Food (Jídlo) is a 1992 Czech animated comedy short film directed by Jan Švankmajer that uses claymation and pixilation. It examines the human relationship with food by showing breakfast, lunch, and dinner.

==Plot==
===Breakfast===
A man (Bedrich Glaser) enters a room, sits down at a table, and brushes a collection of leftovers onto the floor. Across from him sits another man with a placard attached to a chain hanging around his neck. The diner stands up and reads the placard one line at a time, following the instructions to get his food. He pinches the man's nose shut to get him to open his mouth, puts his money on the man's tongue, smacks him in the forehead to let the money enter his body, and pokes him in the eye to get his food. The man's shirt unbuttons itself, and the astonished diner watches as a dumbwaiter rises up to where the man's chest should be. The diner takes his food, and punches the man in the chin for his utensils. When he finishes eating, he kicks the man's shin for a napkin. After wiping his mouth, the diner convulses and goes limp. The man with the placard then comes to life, stretches, and places the placard on the former diner. He stands and puts another tally mark on the wall before he leaves. Another diner soon enters the room and reads the placard all at once, proceeding to repeat the scenario. After the second diner also convulses and goes limp, the original diner stands, stretches, and places the placard around the second diner's neck, adding another tally mark to the wall before he leaves. As the diner leaves, a line of people is seen stretching down the hall and around the corner.

===Lunch===
Two diners in a restaurant, a well-mannered businessman and a slovenly vagabond, are continuously unable to get their waiter's attention. As a means of remedying their situation, they proceed to eat everything in sight: the flowers, their napkins, their shoes, belts, pants, jackets, shirts, underwear, plates, tablecloth, table, and chairs, leaving both of them nude and seated on the floor. While this is happening, the vagabond watches the businessman, then eats what he eats. They also try to get the waiter's attention whenever he passes by, to no avail. In the end, after everything else has been eaten, the businessman eats his utensils, prompting the vagabond to eat his.
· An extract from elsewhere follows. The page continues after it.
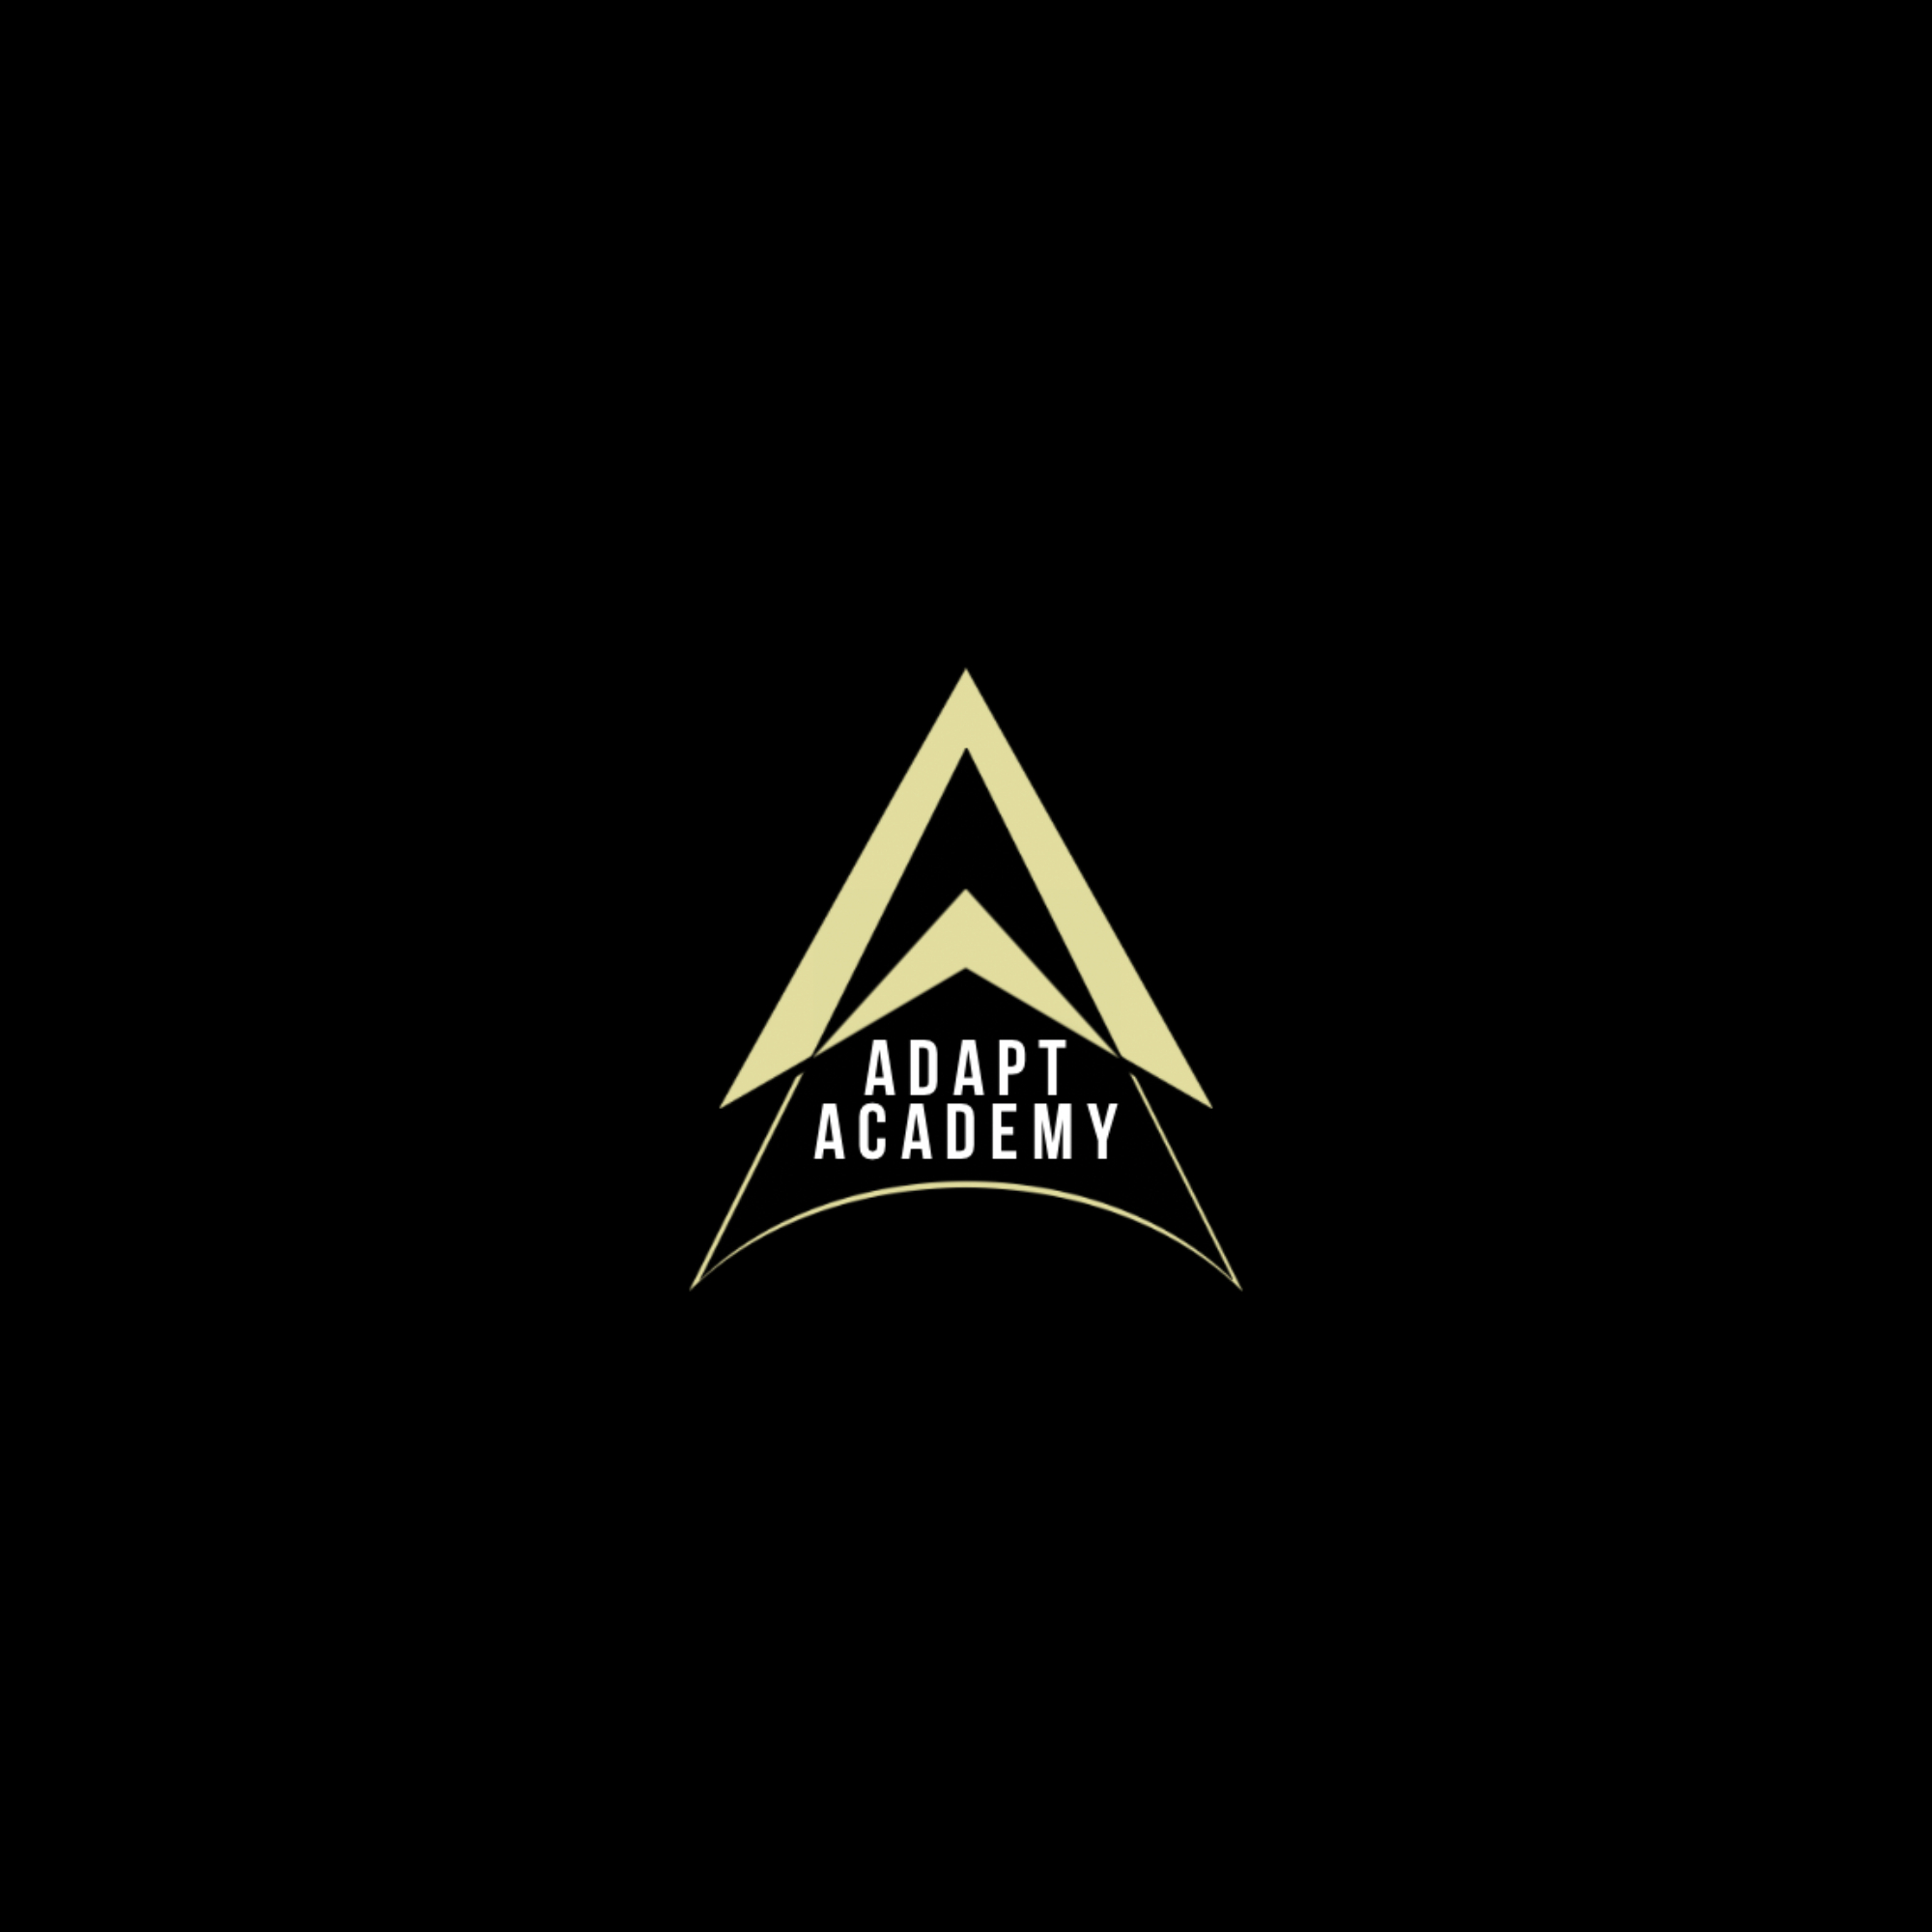 The official logo of ADAPT Academy SD
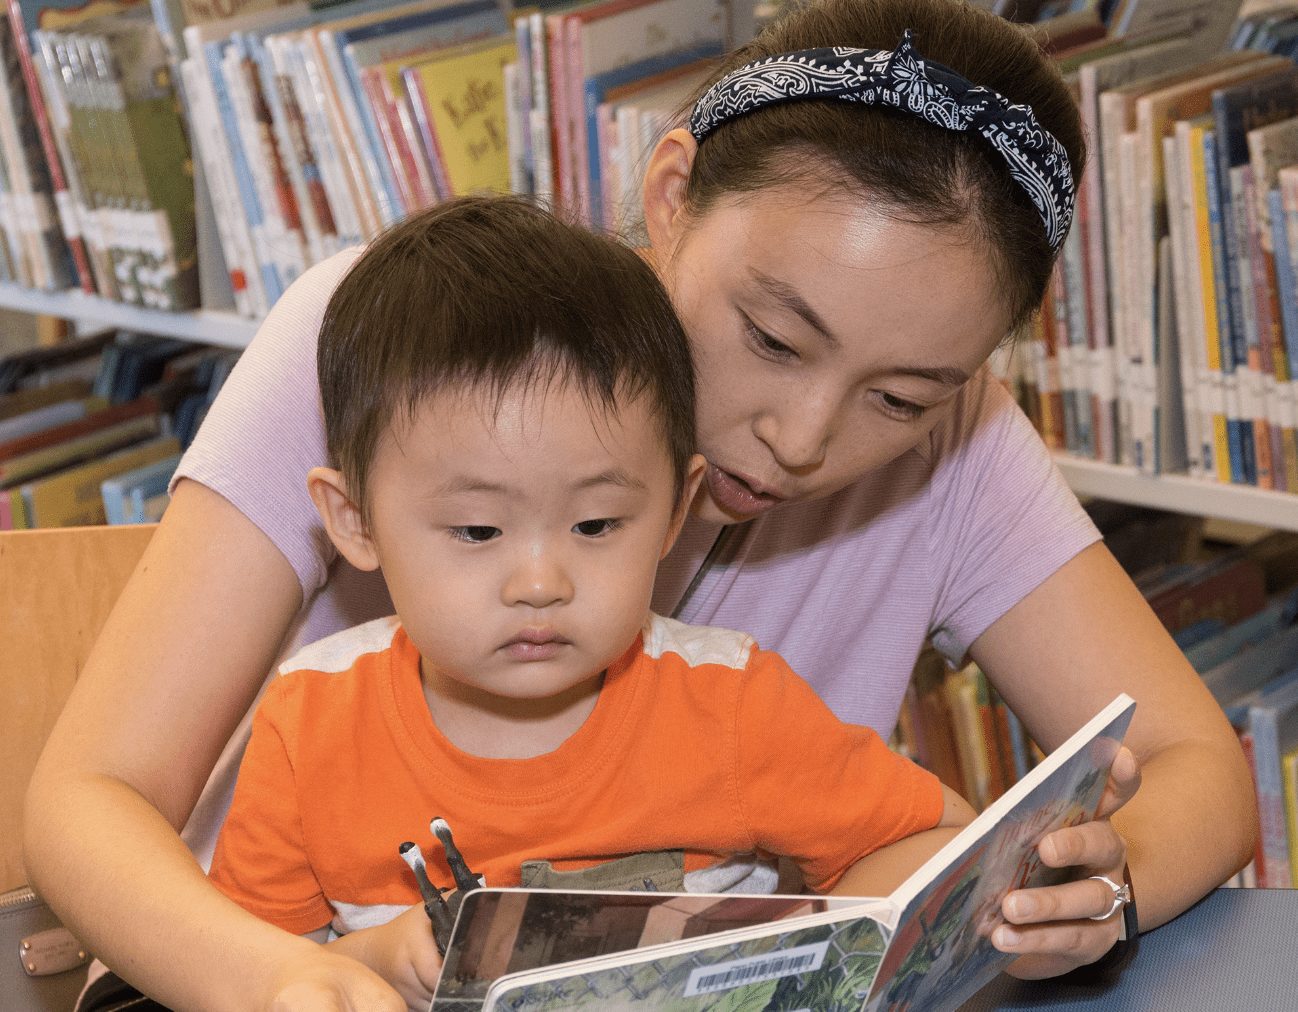 Local Program Promotes Reading Readiness for Young Kids

The businessman then smiles, pulls his utensils from his mouth, and advances on the vagabond, who recoils in horror.

===Dinner===
In a luxurious restaurant, a wealthy gourmet sits at a table, adding many sauces, spices, and sides to his meal, which is hidden from the viewer by the sheer number of condiments. This process continues for a long time, during which the gourmet collects stains for the napkin on his lap. He then hammers nails into his wooden left hand, bending them so they can hold his fork. As the gourmet prepares to eat, his meal is revealed to be his missing hand, which he proceeds to cut into after removing his wedding ring. In a series of short and violent scenes, we are then shown similar customers eating parts of their own bodies in the same restaurant. An athlete eats his lower leg after removing his sneaker, a posh woman squeezes lemon juice onto a dessert composed of her breasts, and a slovenly patron in a pub who prepares to eat his genitals. As he realizes the presence of the camera, the man covers his genitals and shoos the camera away with his hand.

==Reception==
A New York Times review called the film "caustically witty but slight." It goes on to say that "Švankmajer conceived the film in the 1970s, when it seemed too risky a political allegory to be made [...] it now seems too simple a statement about how people are devoured by mechanistic states and each other."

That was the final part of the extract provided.